Приведя себя в порядок, наши путешественники решили, не дожидаясь рассвета, покинуть этот красивый, но негостеприимный дом. Хорошо, что окно комнаты Леночка забыла закрыть. Вот только забраться на него Простику и Окейне удалось с большим трудом.
Забраться на окно было трудно, зато спрыгнуть в дворовый сад оказалось делом простым.

Вот моя деревня

И снова дальняя дорога по лесам и полям, по холмам и косогорам, по болотам и буреломам.
В одном месте им встретился медведь, но он был так занят поеданием малины, что только кивнул в знак приветствия и продолжил лакомиться.
Зато лесная рысь долго преследовала их, укрываясь в зеленой листве и размышляя над тем, полакомиться ими сейчас или дождаться полночи.
В полночь, когда наши путешественники улеглись спать, рысь подкралась к их шалашу, заглянула внутрь, но, обнюхав шар и кеглю, только скривила свою усатую мордочку и поспешила на свежий воздух.
Мало того, что шар с кеглей и чистыми-то пахли не привлекательно для семейства кошачьих, а тут еще и не мылись несколько дней.                                                                            Нет, они, конечно, купались в лесном озере сегодняшним утром, но за день изрядно пропотели, пробираясь через буреломы.
— Тьфу, какая гадость, — возмутилась рысь, — и что я за ними тащилась весь день.
А наши путешественники крепко проспали до самого рассвета, даже не догадываясь о том, что их жизни в эту ночь были на волоске от ……
Были, но не оказались, и слава богу.
Умывшись утренней росой, наши путешественники приступили к поиску завтрака. Попрыгунчик быстро наелся мошками, которых было не счесть возле старого болота, а Простик с Окейной позавтракали черникой, да земляникой.
После завтрака наша троица опять отправилась в путь с мыслью о том, что до деревни осталось только два перехода.

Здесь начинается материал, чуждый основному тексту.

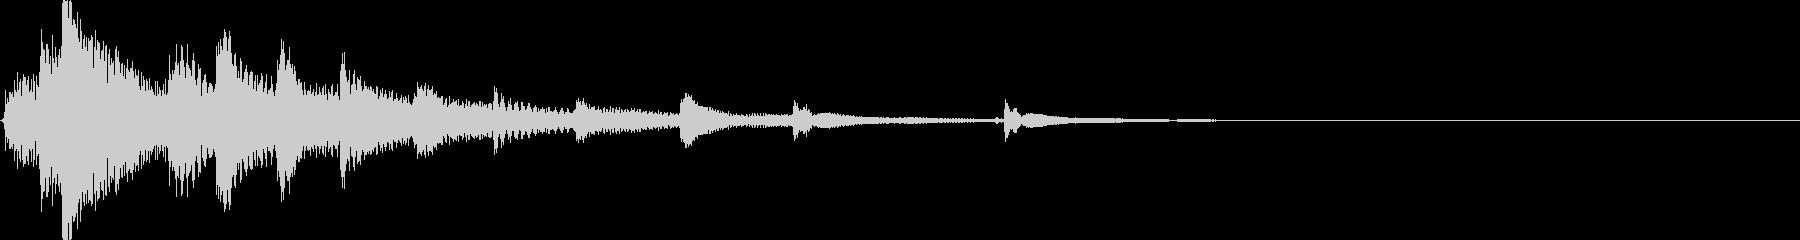 和風動画のタイトル画面に最適な琴のMEの未再生の波形
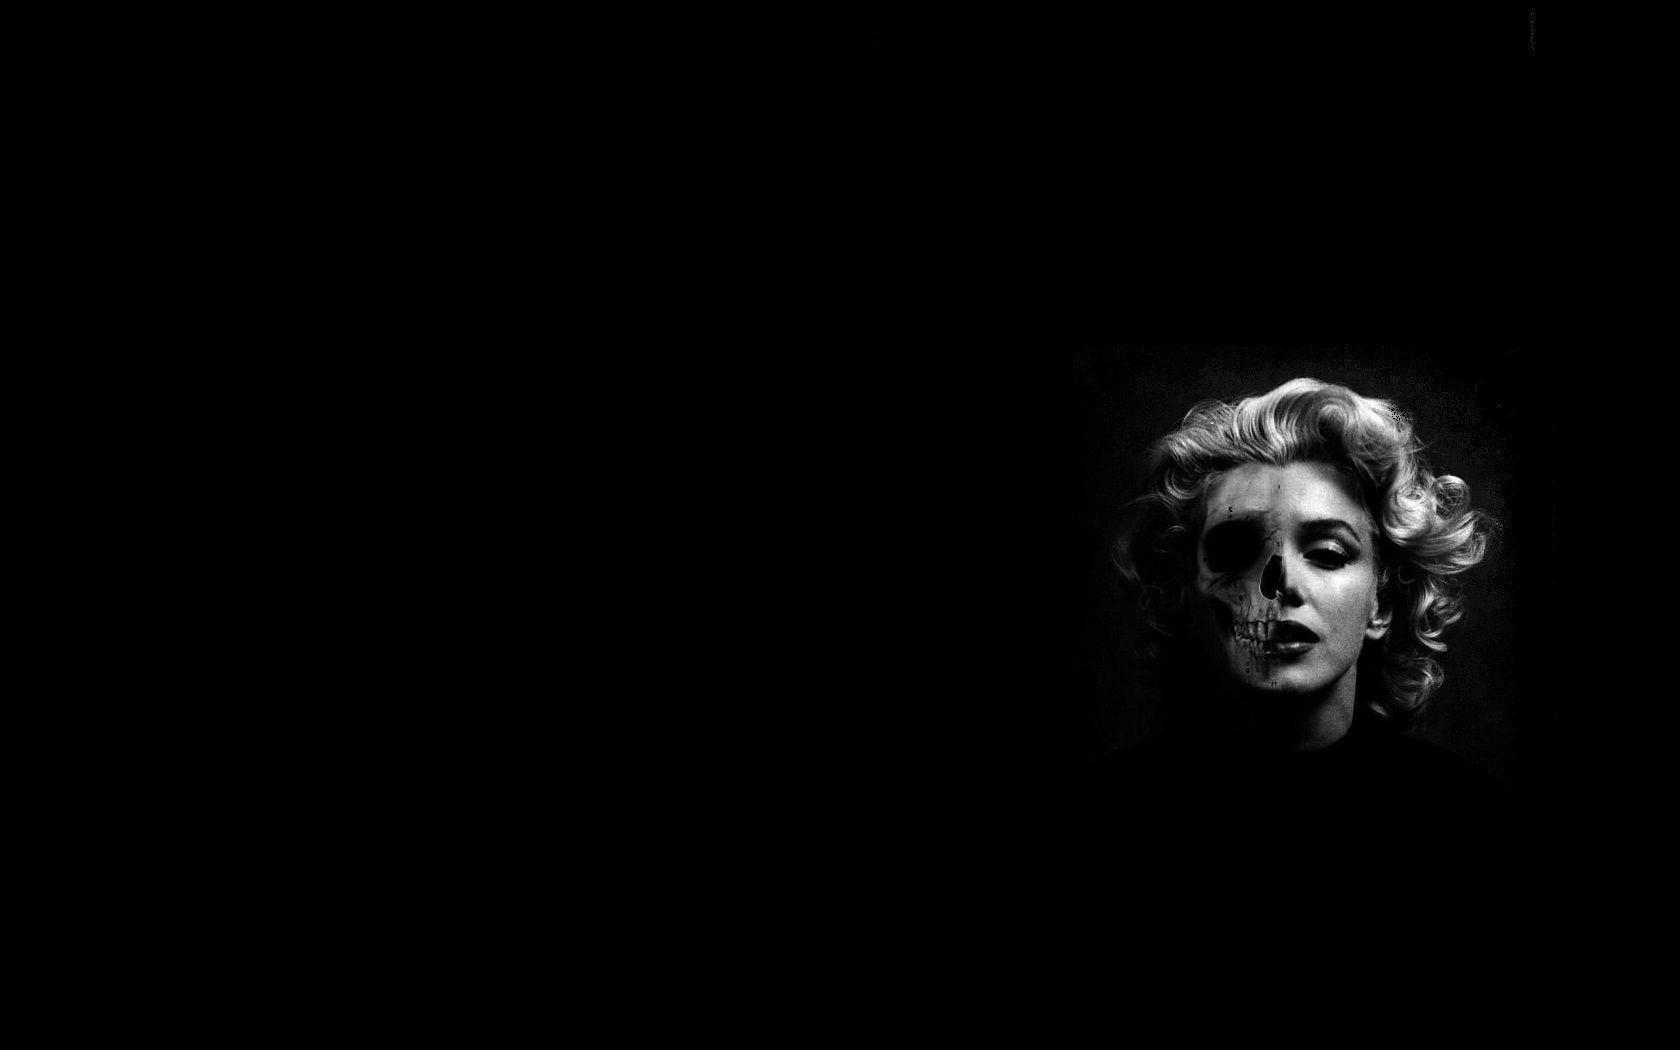 Marilyn Monroe skeleton wallpaper - Skullspiration

Один переход они сделали до обеда, во время которого гостеприимные белки угостили их лесными орехами. Ох, и вкусные были орехи, то ли оттого, что наша троица очень проголодалась, то ли оттого, что орехи предлагались им от чистого сердца. А, может быть, от того и от другого.
Попрощавшись с гостеприимными белками, наши путешественники пустились в последний переход и к вечеру вышли к излучине реки, возле которой и находилась деревня. Вот только жителей в деревне они так и не нашли. Старики все повымирали, а молодежь разбежалась в поисках заработка.
Простик с Окейной решили остаться на ночлег в опустевшей деревне, чтобы, как говорится: «утро вечера мудренее». Утром они собирались подумать о своих дальнейших шагах.
А ночью по указке хозяина боулинг-клуба в деревню наведалась полиция. Она хотела найти беглецов, чтобы вернуть их хозяину.
Хорошо, что Попрыгунчик остался на улице и спал очень чутко. Услышав разговор полицейских, он так расквакался, что разбудил Простика и Окейну. Выглянув в окно, Простик увидел полицейских и вместе с Окейной поспешил скрыться в близлежащем лесу.
Полицейские, не найдя беглецов, немного посовещались и отправились в обратный путь.
Когда они уехали, Простик с Окейной вышли из лесу и решили, не теряя времени, покинуть деревню.
Попрыгунчик отказался от их предложения идти в сторону родины Окейны и остался в деревне.
— Что я там буду делать, в этом жарком климате — сказал он, — я лучше останусь здесь, на своей родине. Здесь мне все привычно и знакомо.
На прощание, крепко обнявшись с Попрыгунчиком, Простик и Окейна скрылись в полусонном лесу.
Пожелаем же им счастливого пути и радостной встречи с родителями Окейны.